[z88dk-dev] Option for automatic malloc() configuration

Bridge to the z88dk-developers mailing list
Post Reply
stefano
Well known member
Posts: 2137
Joined: Mon Jul 16, 2007 7:39 pm

[z88dk-dev] Option for automatic malloc() configuration

Post by stefano »

I think I finally found a way to use ASMTAIL to configure the heap for malloc() automatically !
the prototype at the moment is in cpm_crt0.asm and osca_crt0.asm.
It is optionally activated with the ‘-DAMALLOC’ option and takes 3/4 of the free memory (all the space between the ens of the program and the Stack Pointer) for the malloc heap, and leaves the reminder for stack.
It seems good to me... opinions ?
stefano
Well known member
Posts: 2137
Joined: Mon Jul 16, 2007 7:39 pm

Post by stefano »

I think I found an acceptable solution, the -DAMALLOC1, -DAMALLOC2, -DAMALLOC3 (or -DAMALLOC, which is the same) will respecively get 1/4, 2/4 or 3/4 of the free memory for malloc() leaving the remaining space to the stack ;)
The Alvin's lib is impressively well designed but I think it was lacking a simple way to use it ..
stefano
Well known member
Posts: 2137
Joined: Mon Jul 16, 2007 7:39 pm

Post by stefano »

The new option is ready !



Simplest way to use it:

zcc +target (...) -DAMALLOC -lmalloc program.c



In some case (i.e. the ZX Spectrum) it makes no sense to leave space for the stack, because it is normally placed before the compiled program: for such platforms any option will leave the whole memory for malloc(); if the stack is on top of memory then it is possible to roughly tell which portion of the free space is for malloc() and what has to be left for the stack with -DAMALLOC1.. -DAMALLOC3.

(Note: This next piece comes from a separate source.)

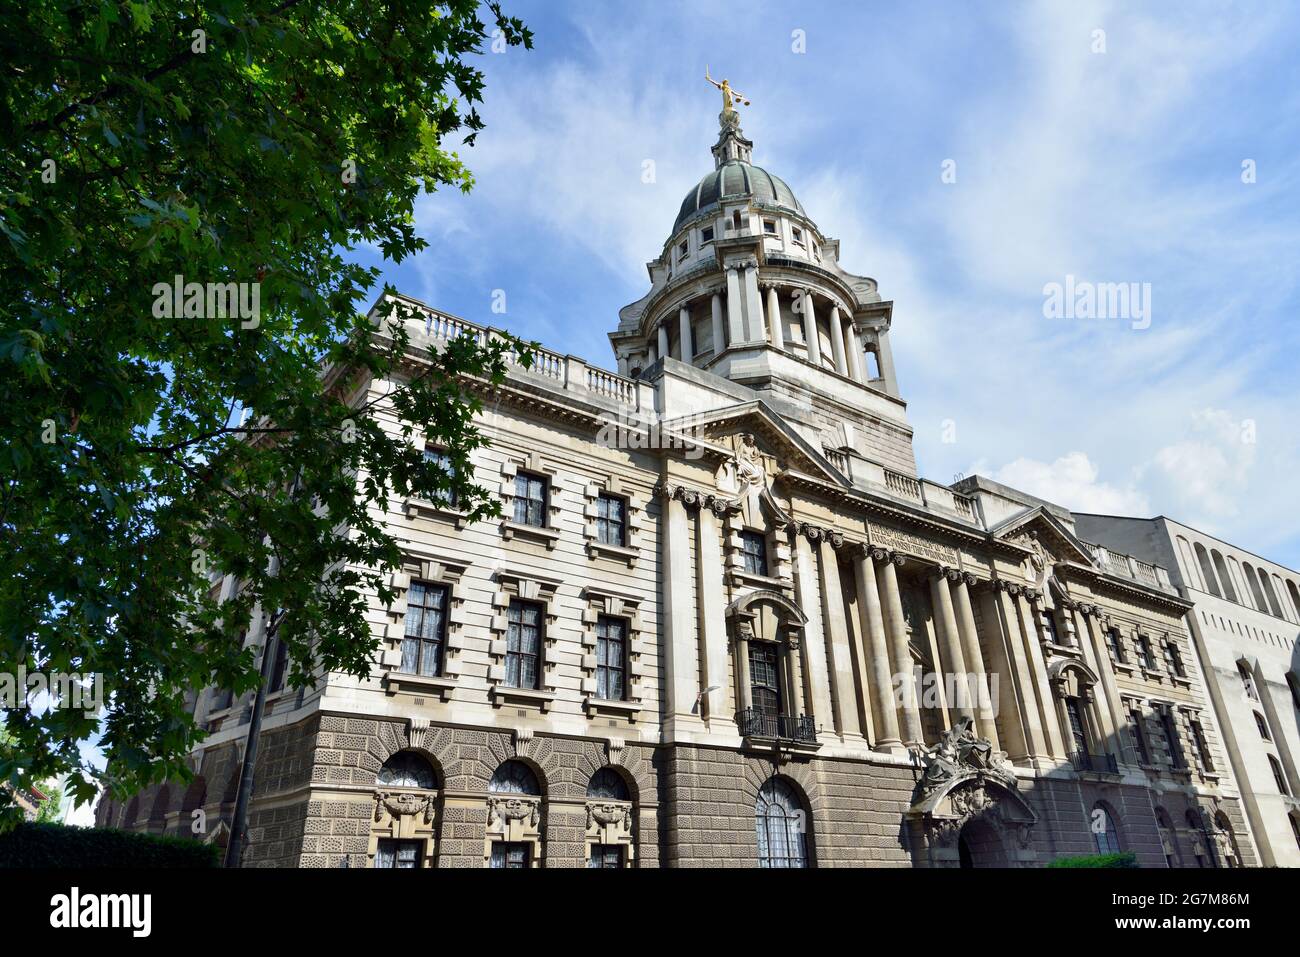 Central Criminal Court of England and Wales, The Old Bailey, City of London, United Kingdom Stock Photo

AMALLOC with no trailing numbers will act as -DAMALLOC3 where applicable.

ROM targets and FAR memory models are not supported, use the (very flexible) fuctions declared in malloc.h (see the wiki docs).

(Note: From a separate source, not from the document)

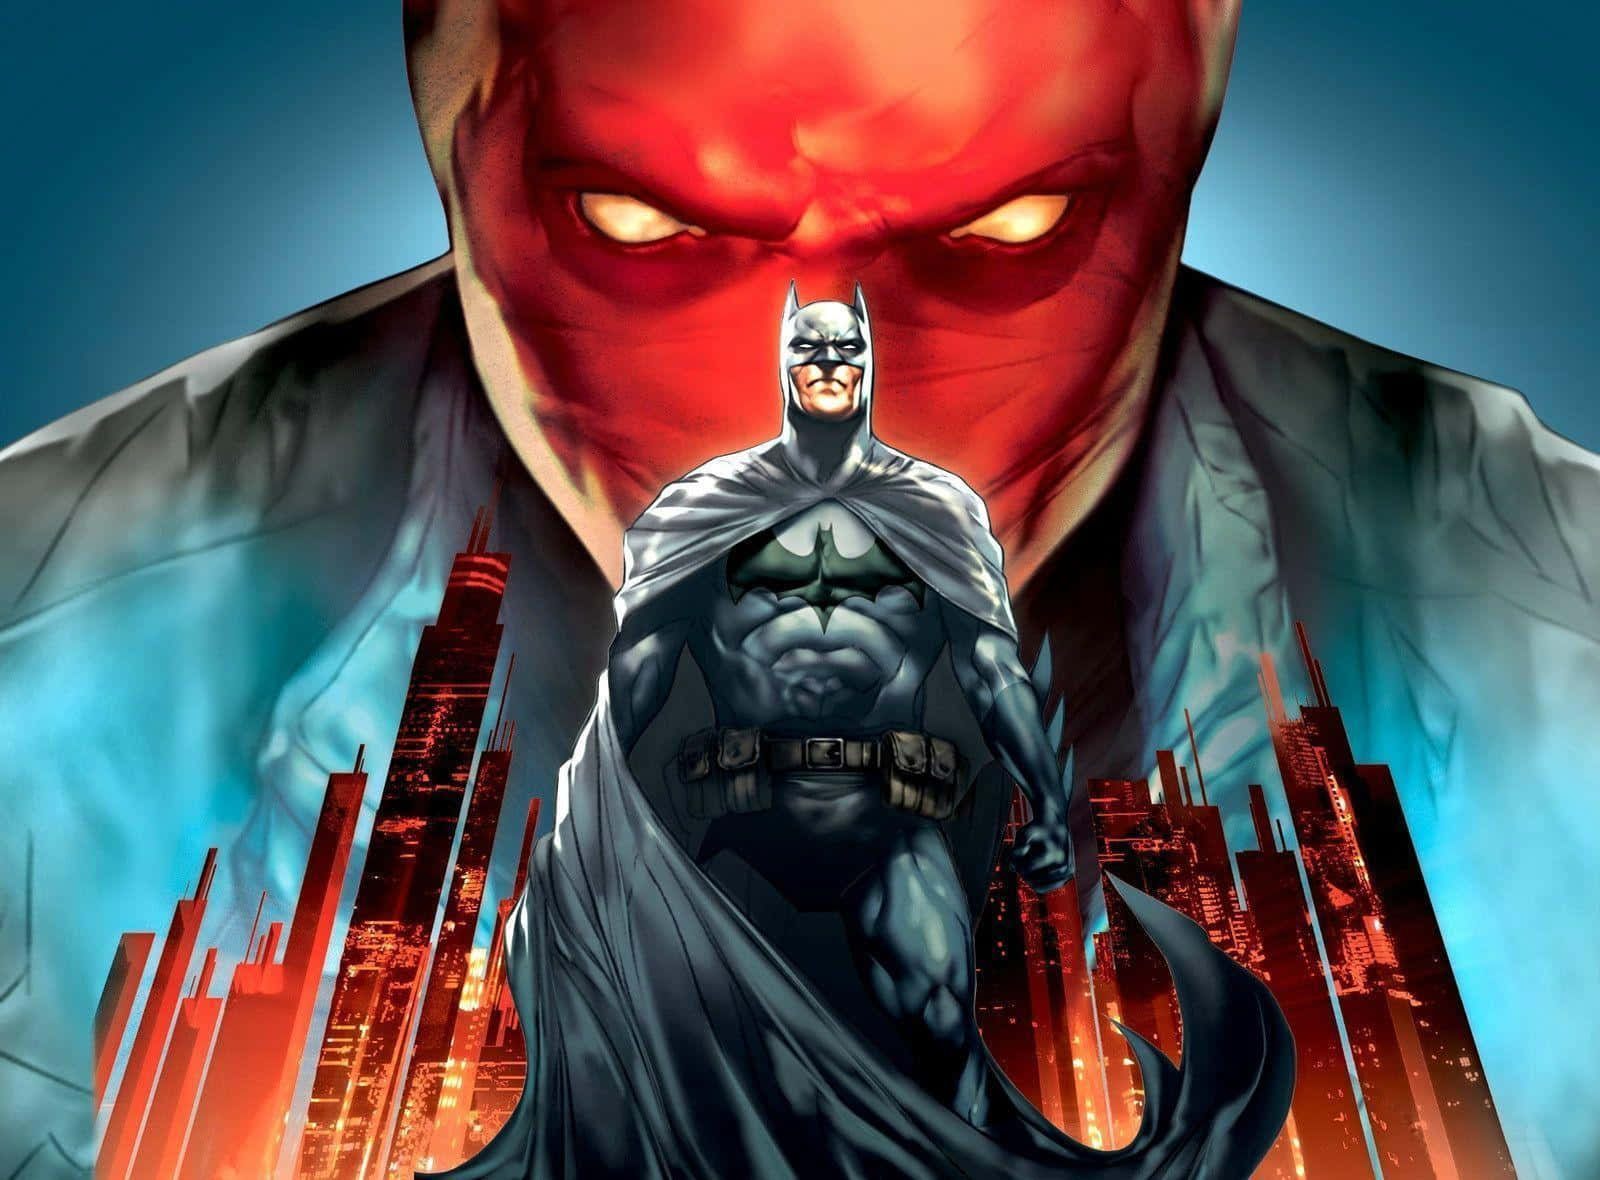 Caption: Batman and Red Hood Face Off in Intense Showdown Wallpaper

Since we have a lot of targets, I could not test it everywhere and it is possible that we have special cases which will not work (yet) with the new option.
siggi
Well known member
Posts: 344
Joined: Thu Jul 26, 2007 9:06 am

Post by siggi »

Hmm. somehow my message was lost, so a new attempt:
-----------------------------------------------------------------

Hi Stefano
what do I have to do when compiling for my ZX81
sometimes I compile for address 16514 (P file), having the stack behind the program.
sometimes I compile for address 32K or 40K, having the stack before the program.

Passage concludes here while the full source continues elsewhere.